A flyer at the University of California, Santa Cruz advertises former Country Day coach Nick Domich’s play, “What in the World?” (Photo courtesy of Domich)

Former SCDS coach’s play canceled after protests

On opening night,  Nov. 8, protesters shut down former Country Day coach Nick Domich’s play, “What in the World?,” at the University of California, Santa Cruz. 

More than a dozen protesters marched up to the stage, chanting until the play was stopped. 

The play, which involved homelessness in Sacramento, was produced after Domich won the Dharma Grace award earlier this year.

One of Domich’s crew members called the Black Student Union to stop the play, according to Domich.

Domich, who coached high school track and field (2008-18) and cross (2011-17) at Country Day, met with three members of the Black Student Union on Nov. 14 to discuss the protest and the reason behind it.

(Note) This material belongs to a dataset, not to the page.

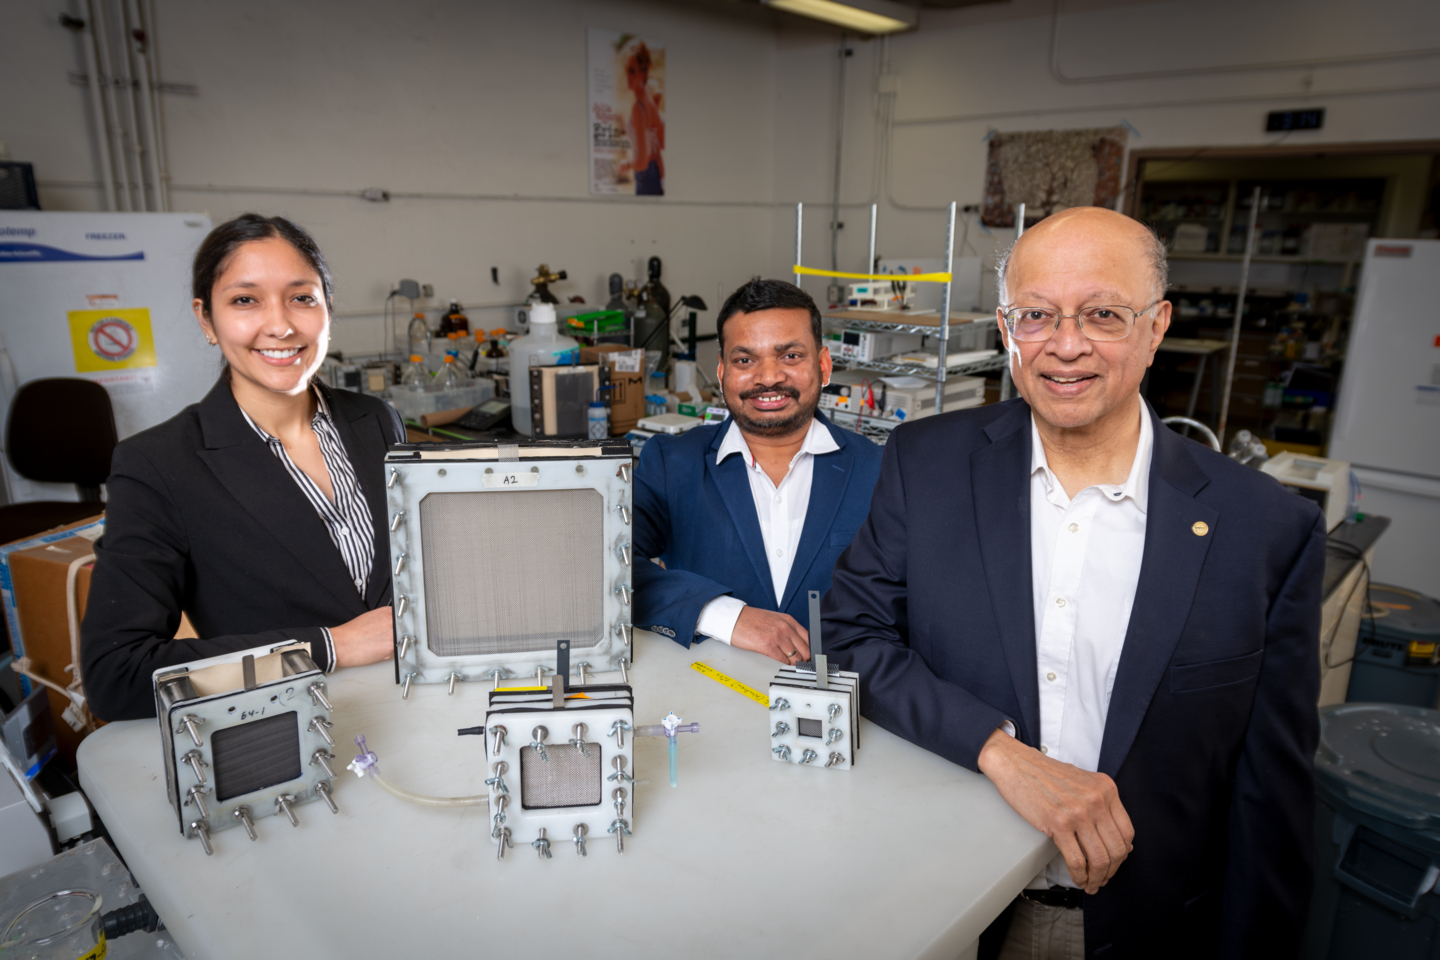 From left: Dana Hernandez, Siva Bandaru, and Ashok Gadgil sitting at a table with the arsenic filters they developed.
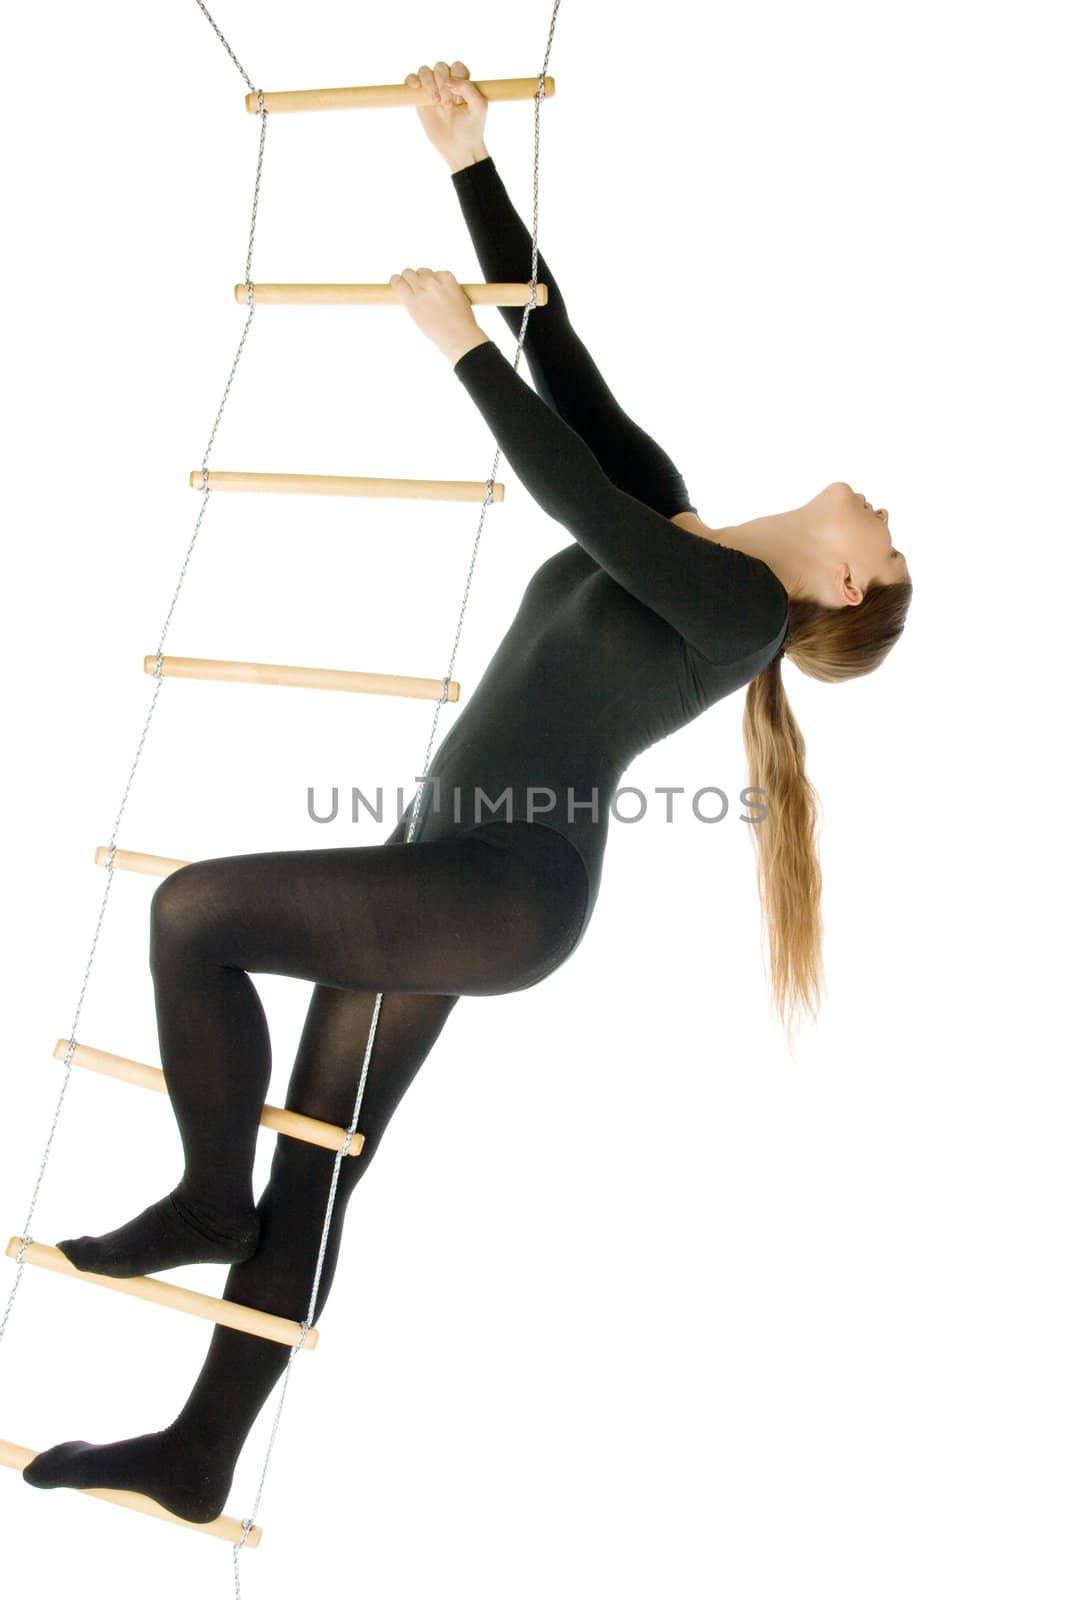 Isolated photo of a woman on a rope ladder

“The crew member told me that there was this one line in the play where the white cop is talking to his partner, who is, in the original script, a younger black cop,” Domich said. “We had to change it to another white cop due to casting issues, but we kept the lines the same. (That) was also another thing the protesters didn’t like: the fact that the play only had one black actor, even though there were so many roles for black actors. But I explained that I couldn’t find any more actors to audition.”

That line was the main reason the Black Student Union wanted to shut down the play, according to Domich. In it, the white cop states, “My dad says black people have the murder gene,” and the originally black cop (then white) replies, “White people have the serial killer gene.” Domich said he wanted it to be a conversation about racism.

“The crew member didn’t want people to hear that due to white supremacist activity on campus, which I wasn’t aware of,” Domich said. “She was afraid that one of those people would see the line ‘Black people have the murder gene,’ and that would make their situation much worse considering they are regularly threatened.”

According to Domich, because the white cop symbolizes white supremacy in America, he wanted to have a conversation about race between police officers.

“I explained to the protesters the history and why I put the line in,” Domich said. “There’s this black pianist in Maryland who single-handedly shut down the (Ku Klux Klan) there, and many members gave him their robes. Some members were police officers who gave him their uniforms as a symbol of disavowing their racism and their connection to white supremacy.”

Domich said he would have changed the line before the show if he had known that it could hurt people. 

“I was cut out of the whole process when I should’ve been involved,” Domich said. “Now the (theater arts) department put out a notice blaming it on the development of the play. The crew member I talked to said the stage manager told the cast and crew not to talk to me, and I think that order came from the head of the department.”

Domich received a one-line email from the head of the department stating the play would not be produced since the cast and crew were affected by the protests and didn’t want to continue.

“I don’t think that’s the reason since even the Black Student Union was fine with the play as long as I took the one line out,” Domich said. “The crew member told me she thought it was a story worth telling.”

Efforts to reach David Lee Cuthbert, chair of the UC Santa Cruz Theater Arts Department, and Elias Tadesse, chair of Black Student Union Programs, were unsuccessful.

Domich has been in contact with the Dramatists Guild of America and the National Coalition Against Censorship, who have agreed to defend his rights. Domich said he hopes he can tell the story again with the cast he originally envisioned.